Exercise details: As you reproduce every line below, keep it exactly as written and leave out the images.

Recorded information:

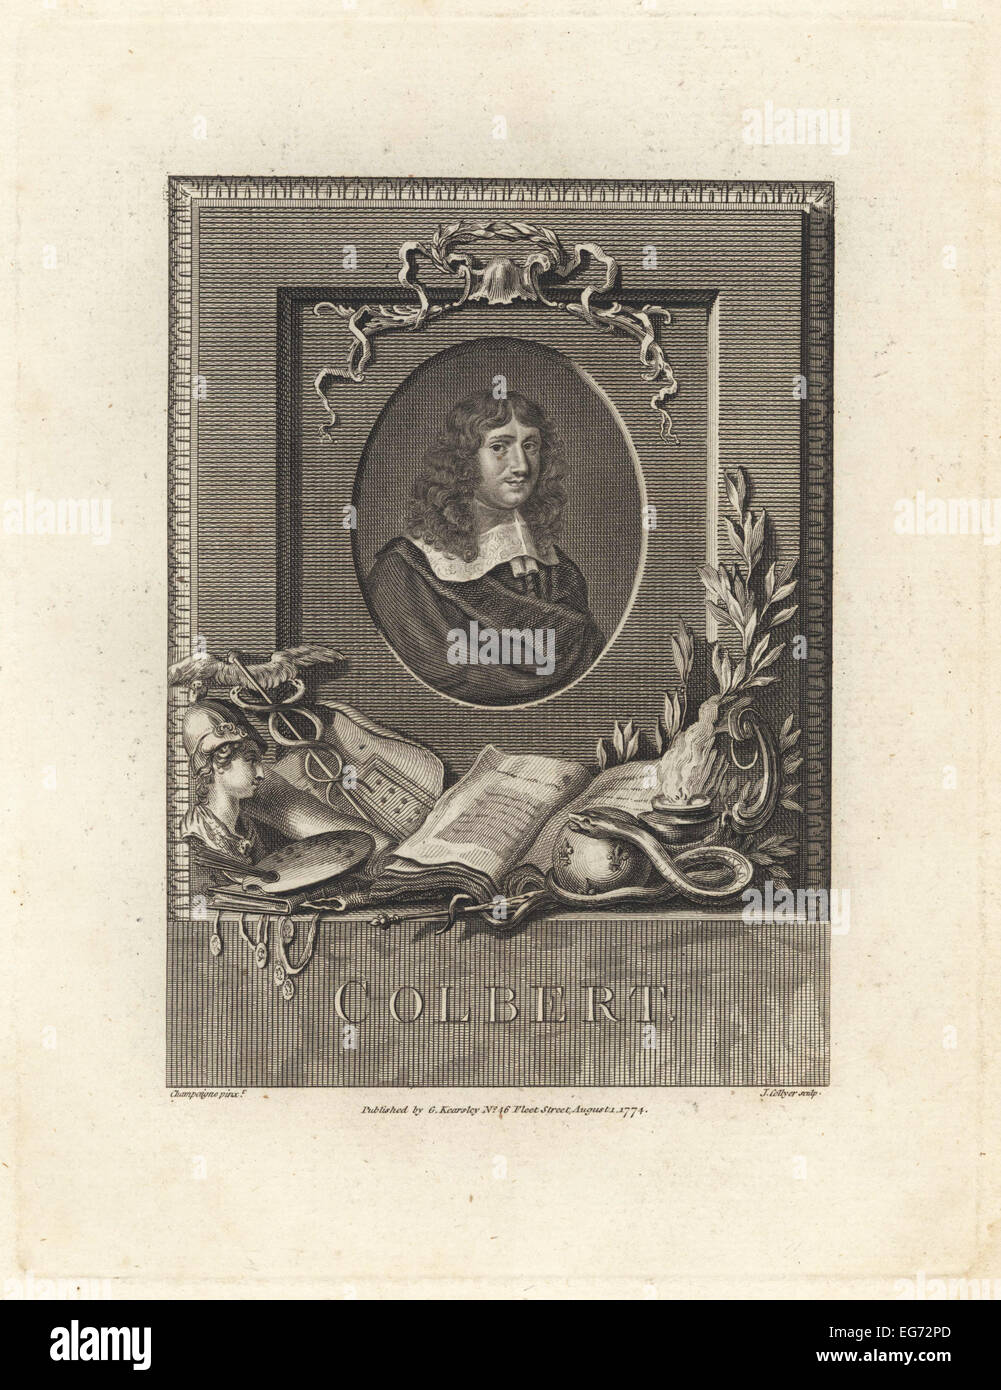 Jean Baptiste Colbert, statesman, minister to King Louis XIV. - Stock Image
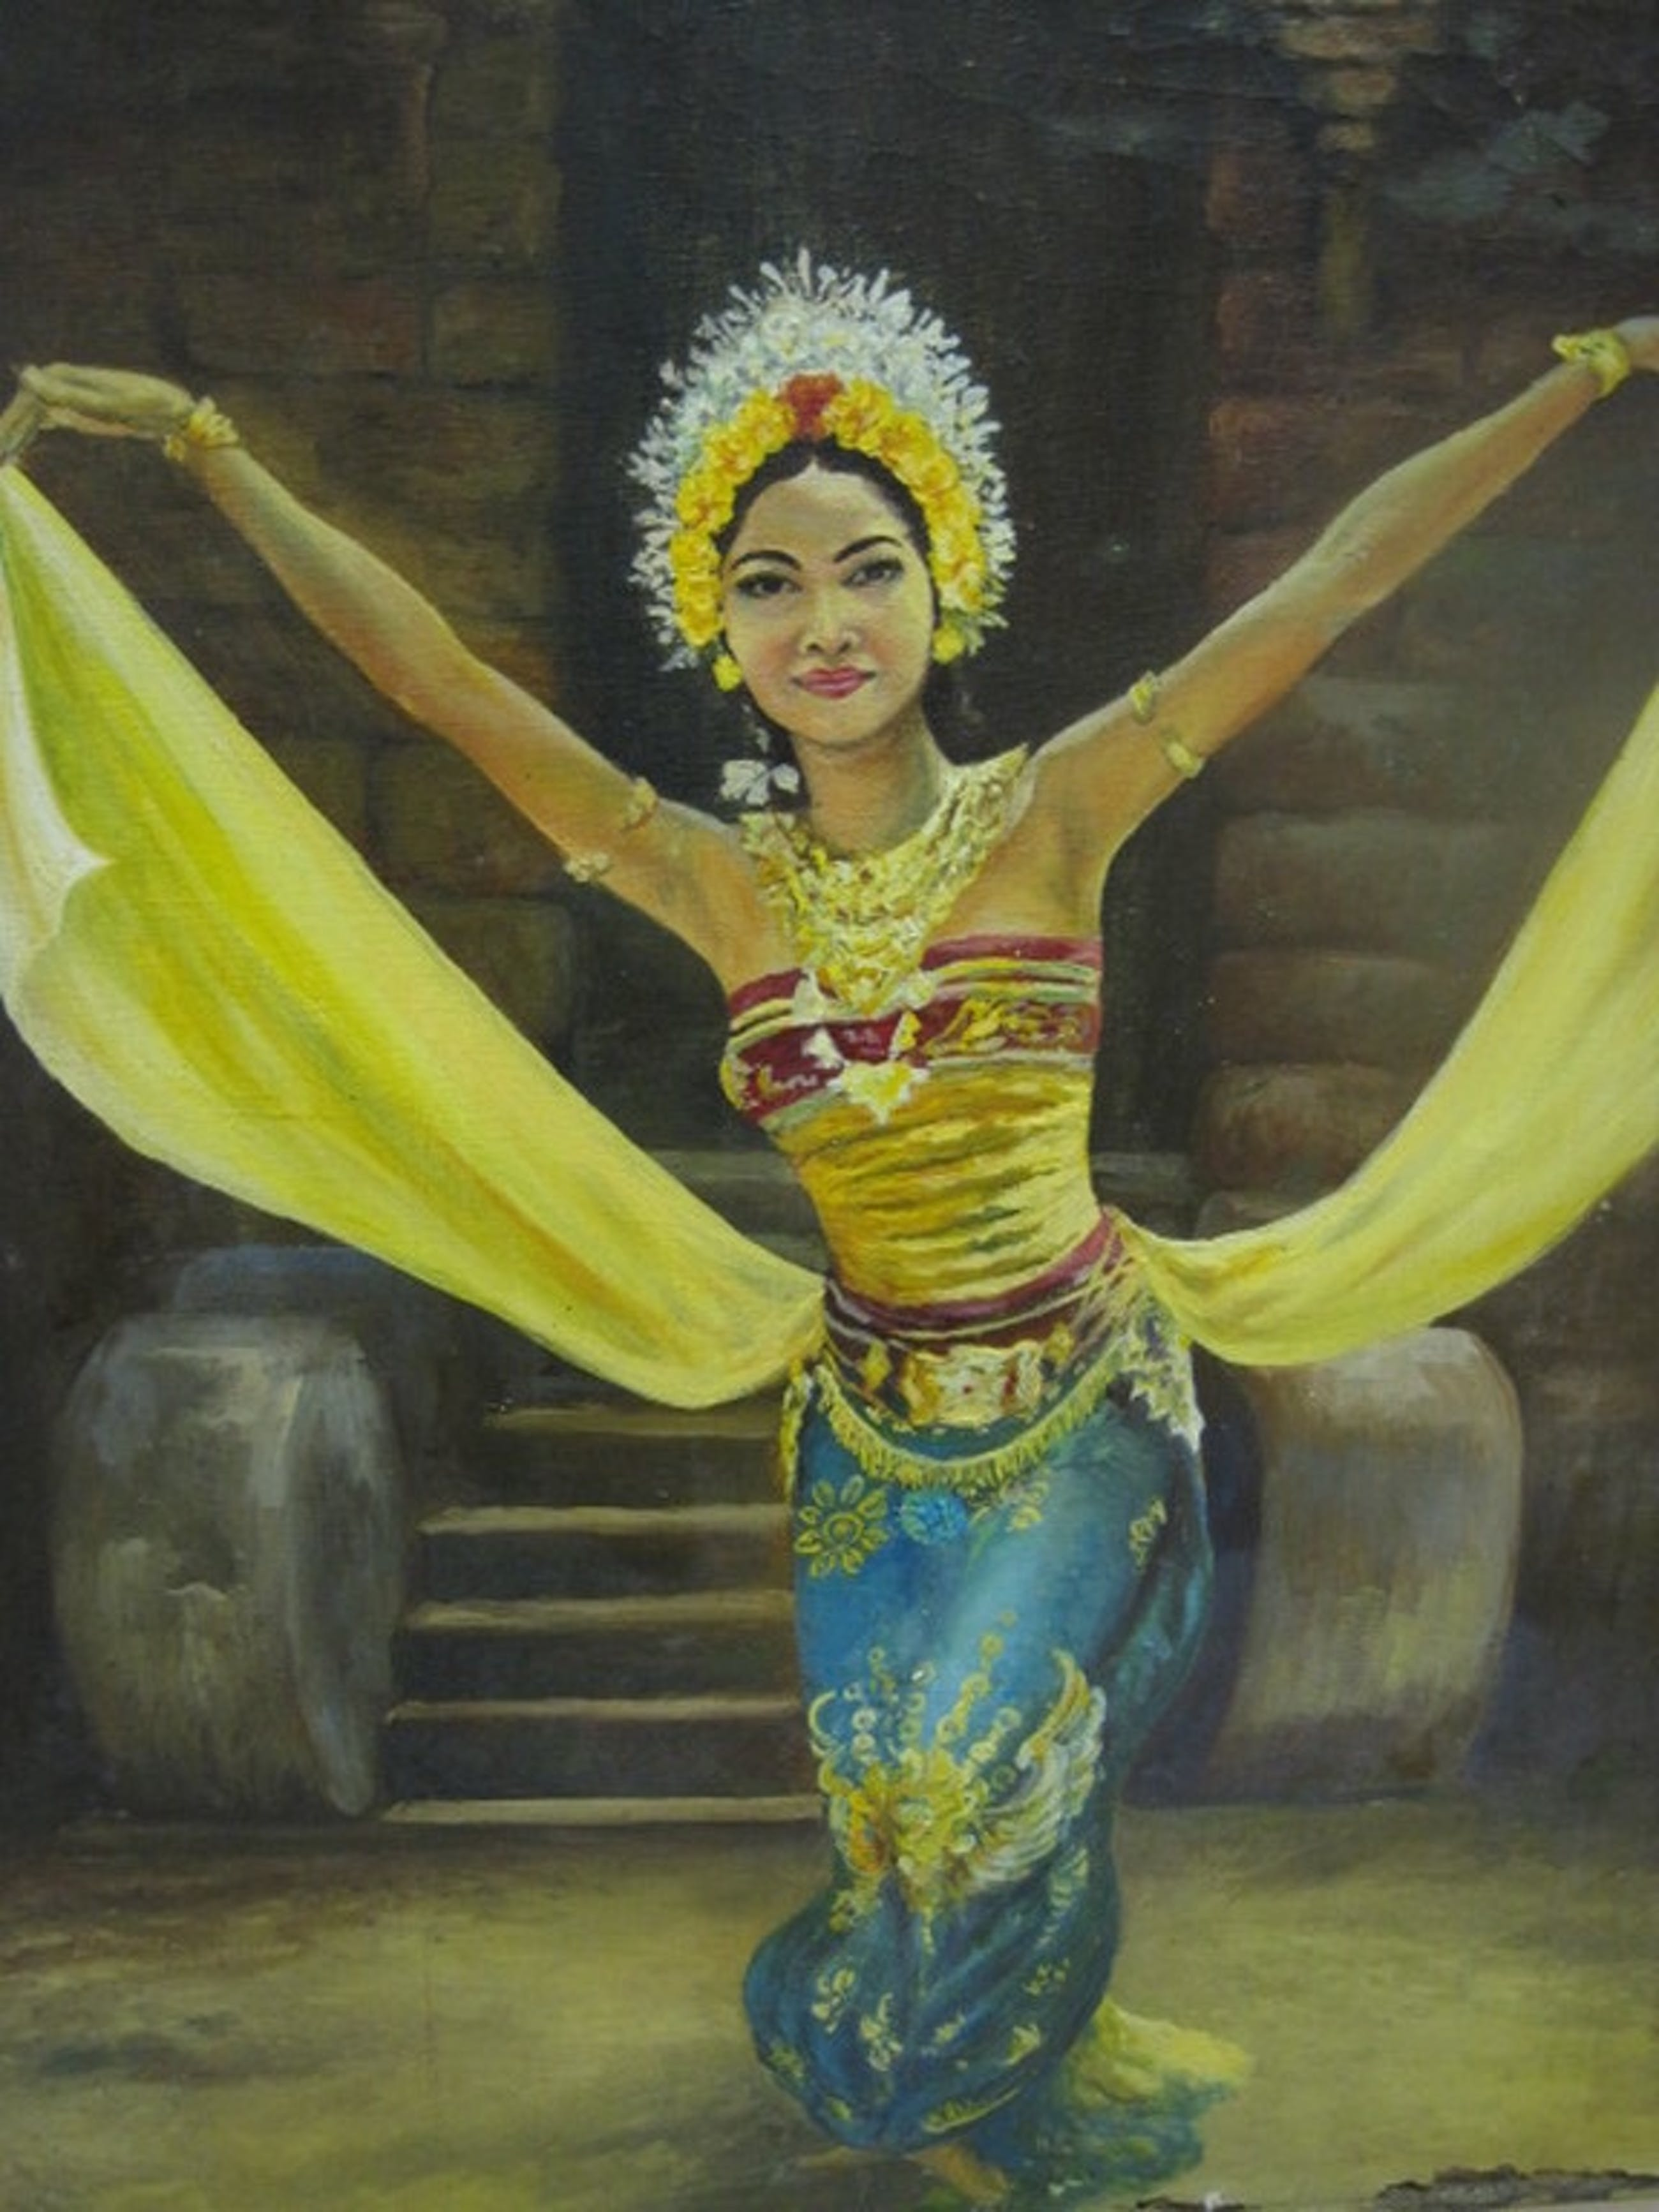 gesigneerd F.Eekhout olieverf Indonesie Bali danseres ca. 1920 kopen? Bied vanaf 1!
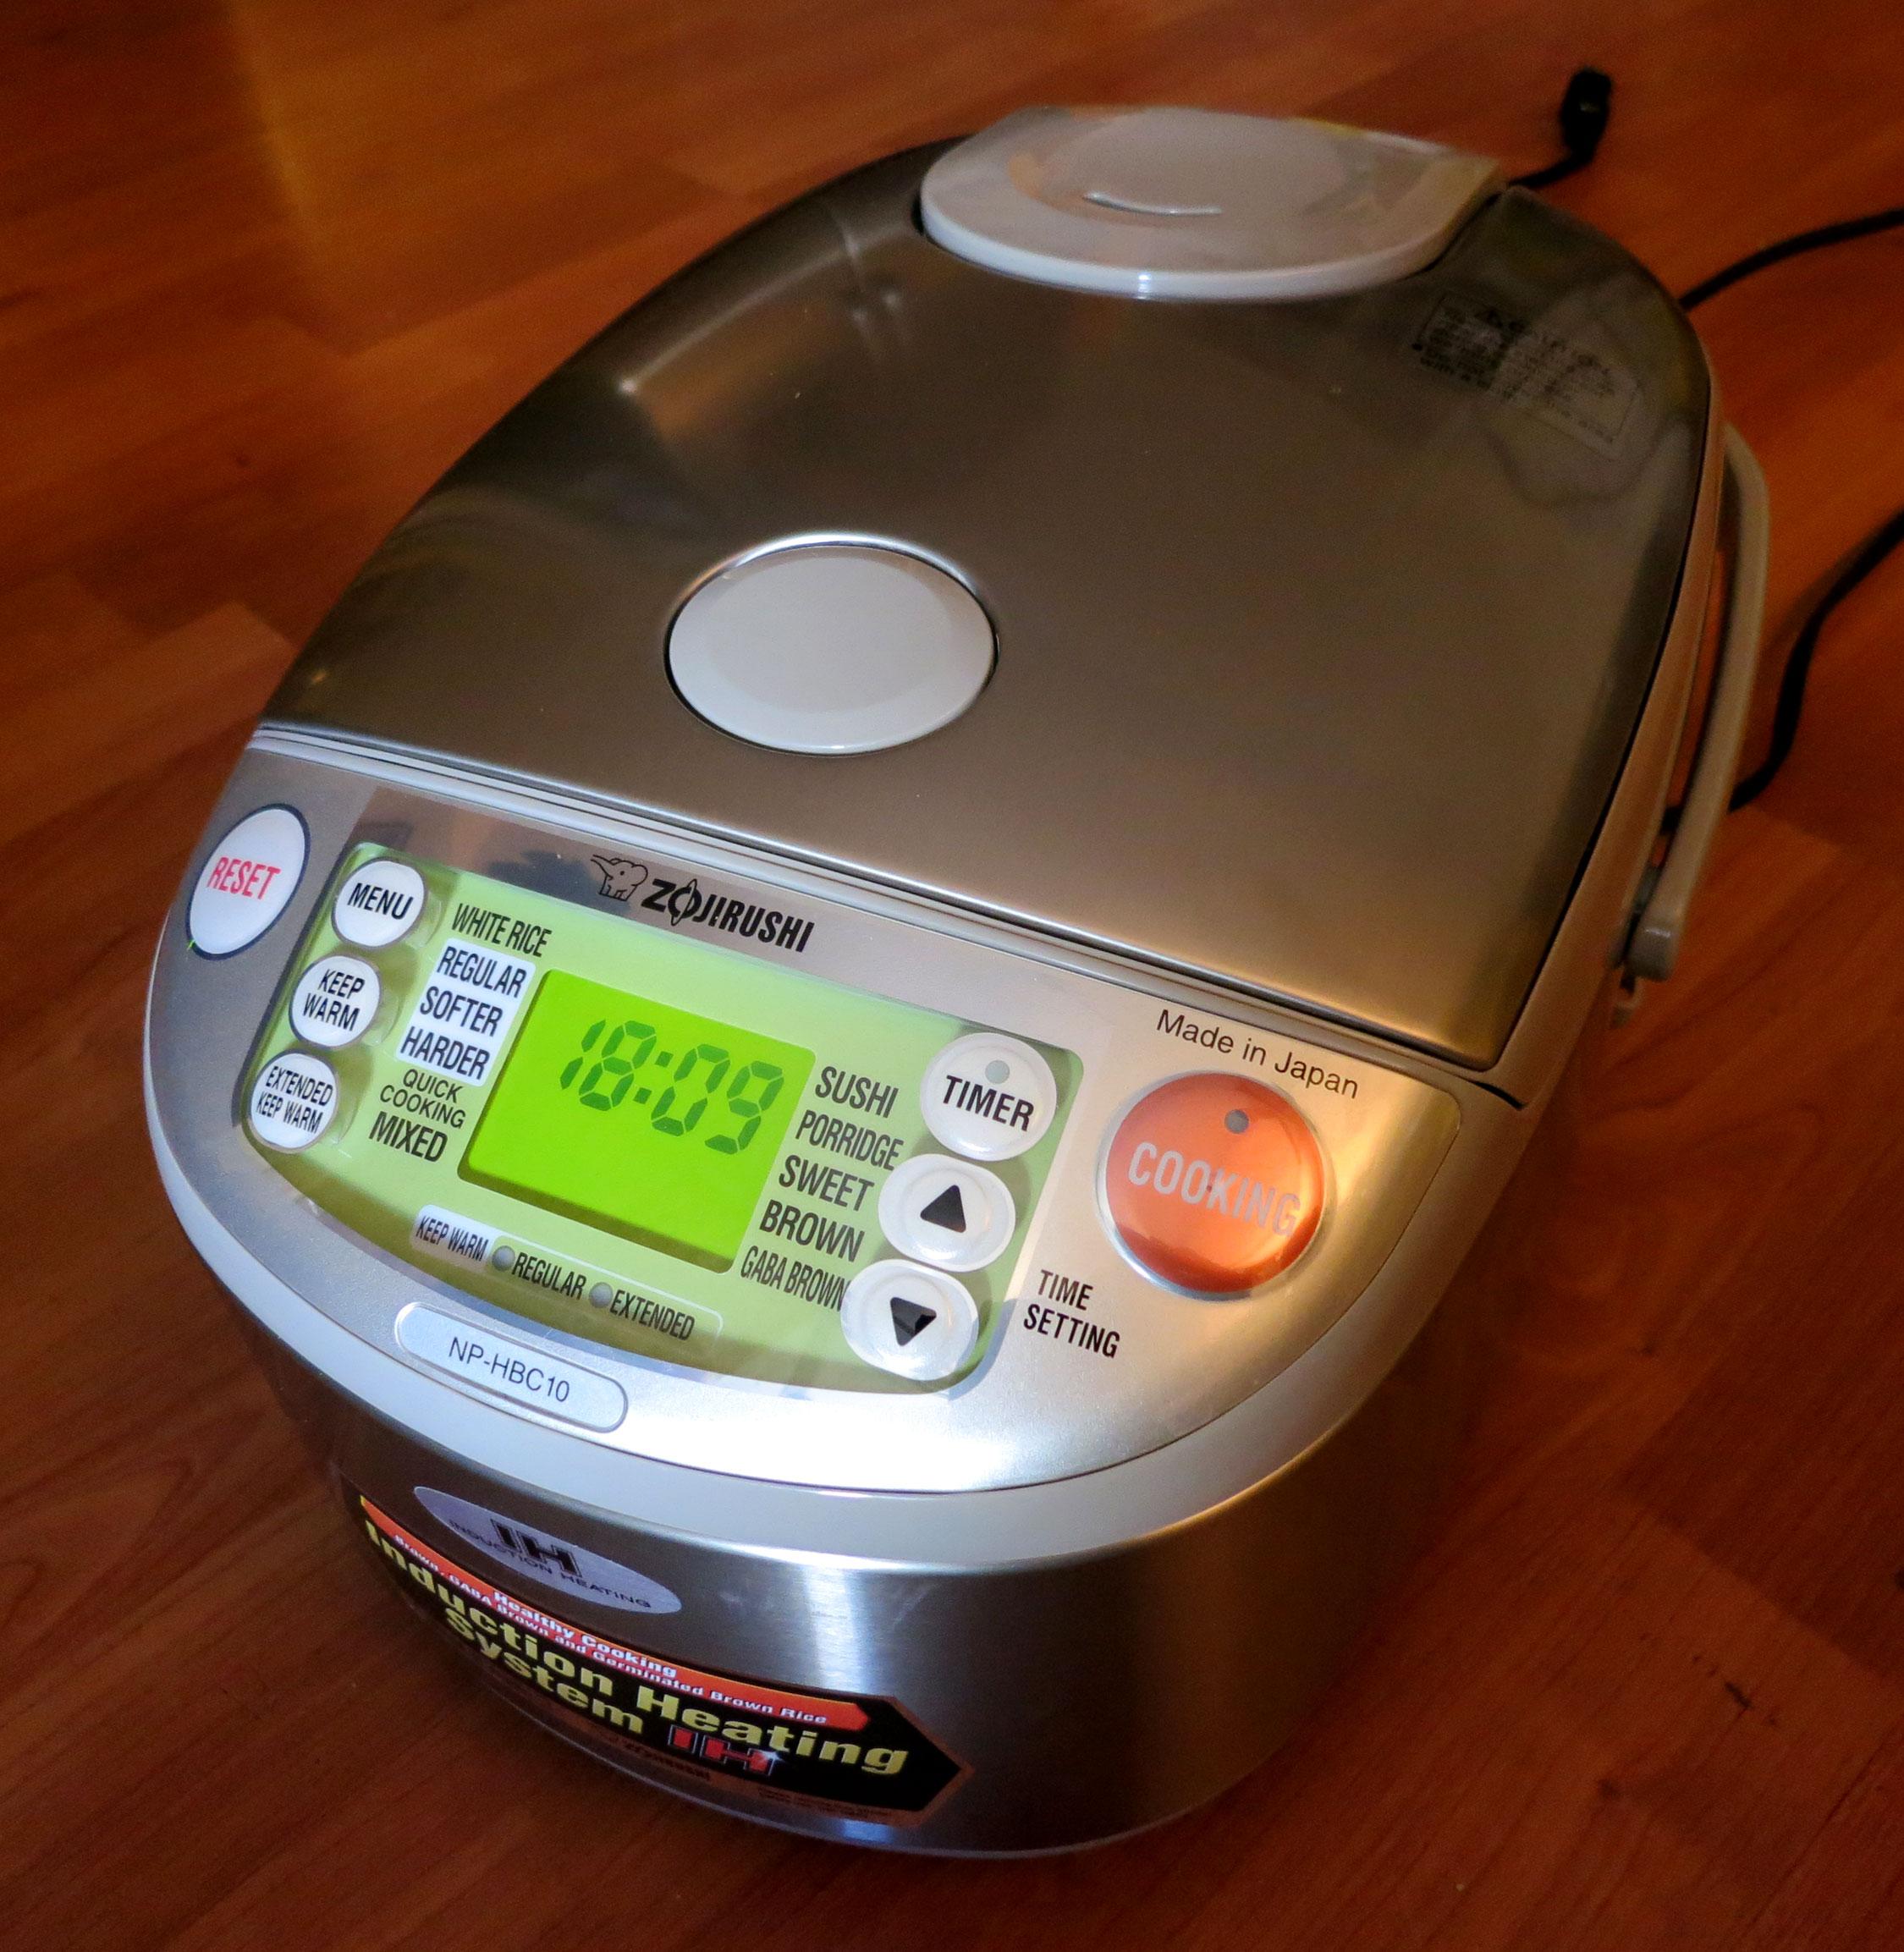 Review: Zojirushi Induction Heat Rice Cooker

Task result:
 Jean Baptiste Colbert, statesman, minister to King Louis XIV. - Stock Image
 gesigneerd F.Eekhout olieverf Indonesie Bali danseres ca. 1920 kopen? Bied vanaf 1!
 Review: Zojirushi Induction Heat Rice Cooker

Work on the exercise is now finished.